The Beast – written and directed by Bertrand Bonello, and loosely based on the Henry James short story The Beast in the Jungle  – is a wildly ambitious movie, dizzying in the scale of its ideas. Yet there’s a pinpoint precision to the way it conjures up the shadow of existential dread that follows Gabrielle everywhere she goes, and will feel mighty familiar to anyone who’s ever battled anxiety. Although the film is set up as a science fiction, prominent threads about Incel culture and the rise of AI ground it very much in our current lived reality (Bonello actually started the screenplay in 2017, and was himself surprised at how timely it would turn out to be).

Throughout the movie, and across the three timelines, there are recurring motifs that give The Beast a puzzle box quality that is in turns fun and disturbing in a distinctly Lynchian manner. Pigeons are omens of death. Dolls appear in various guises – sentient and not. Snatches of dialogue are repeated, and recontextualised. Clairvoyants are always close at hand.

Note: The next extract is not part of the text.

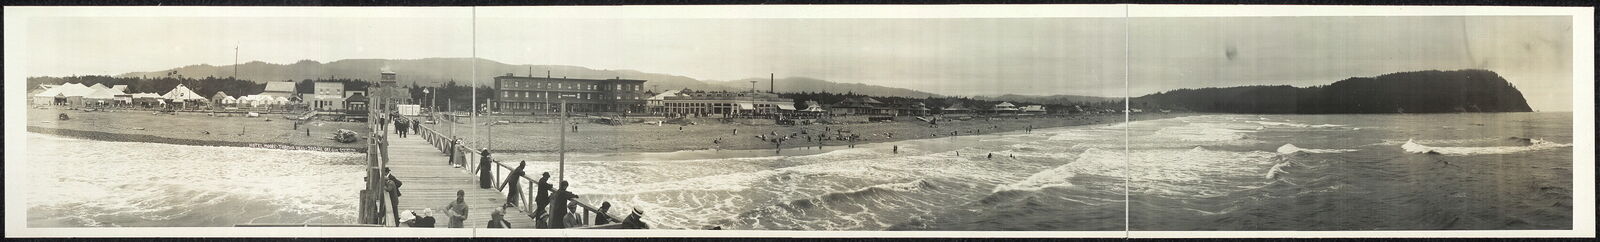 Photo:1914 Panoramic: Hotel Moore,Tillamook Head,Seaside,Oregon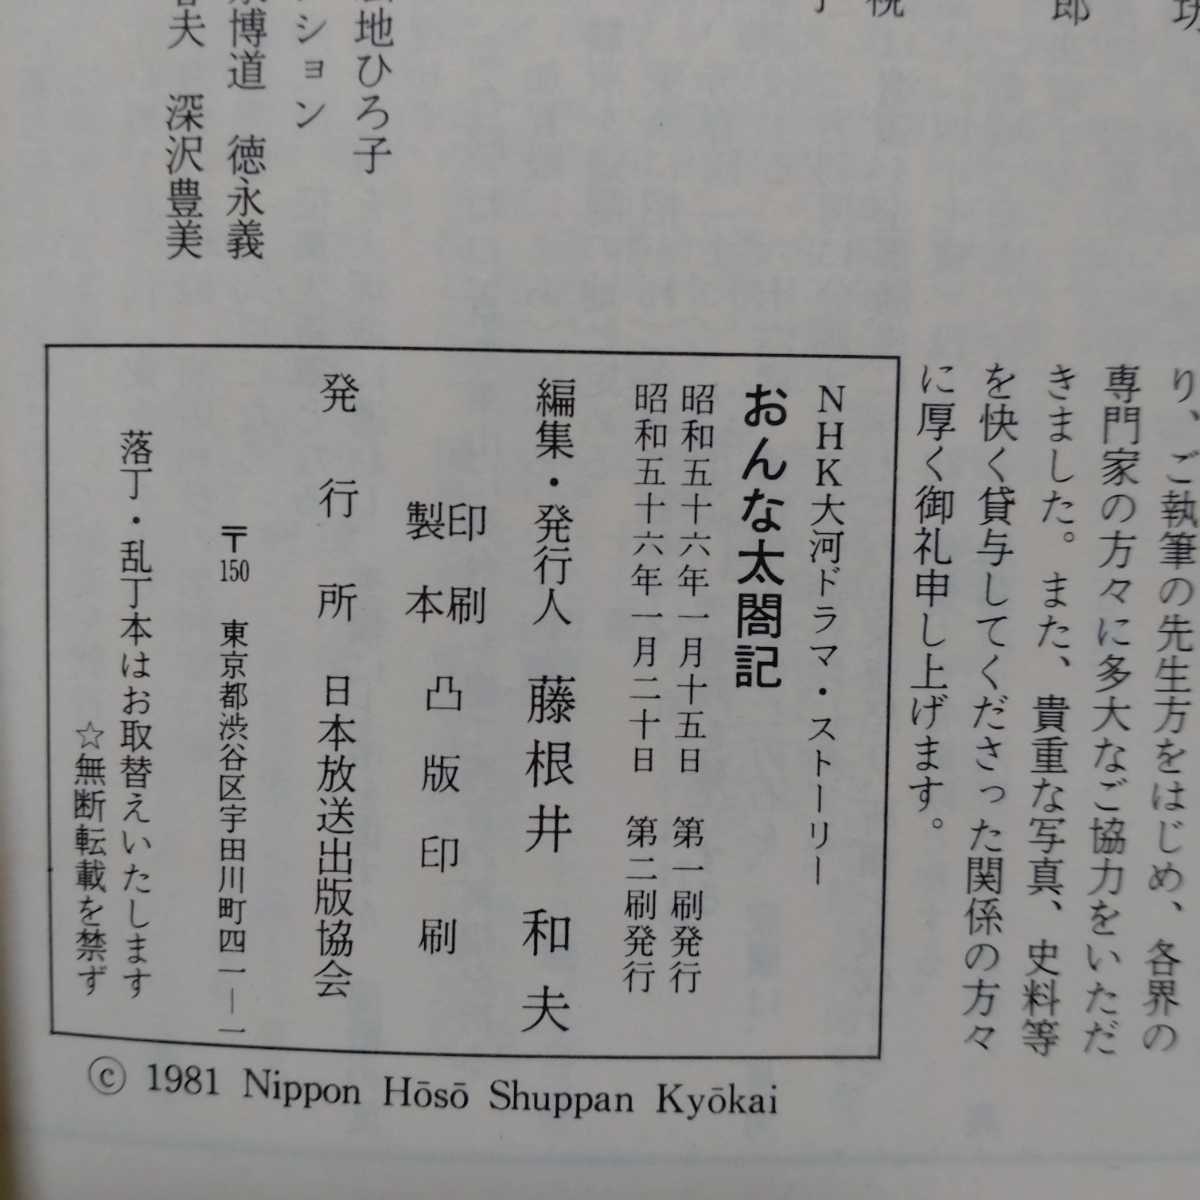 o.. futoshi . chronicle NHK large river drama * -stroke - Lee

Despite its skipping back and forth through time and genre, these motifs help keep together a movie that could so easily have been unwieldy, or even incomprehensible. Even in the wildest moments, it never seems as if Bonello has lost control.

Arguably more impressive still is the ever-reliable Léa Seydoux, who here turns in what might be the finest performance of her career to date. Whilst she’s technically playing the same character throughout, it’s the same character from several very different angles, and the way she inhabits these differences whilst making sure the various Gabrielles are still recognisably shades of the same person is hugely impressive. And though she experiences a broad, intense array of emotions over the film’s two and a half hours, the role necessitates a certain restraint (after all, she’s trying to convince her AI overlords she can hold her feelings in check), which the enigmatic actor manages without issue. When she does scream, you feel it right in your very core.

Borderline miraculous in its marriage of huge scope and tight control, The Beast is an unforgettable experience.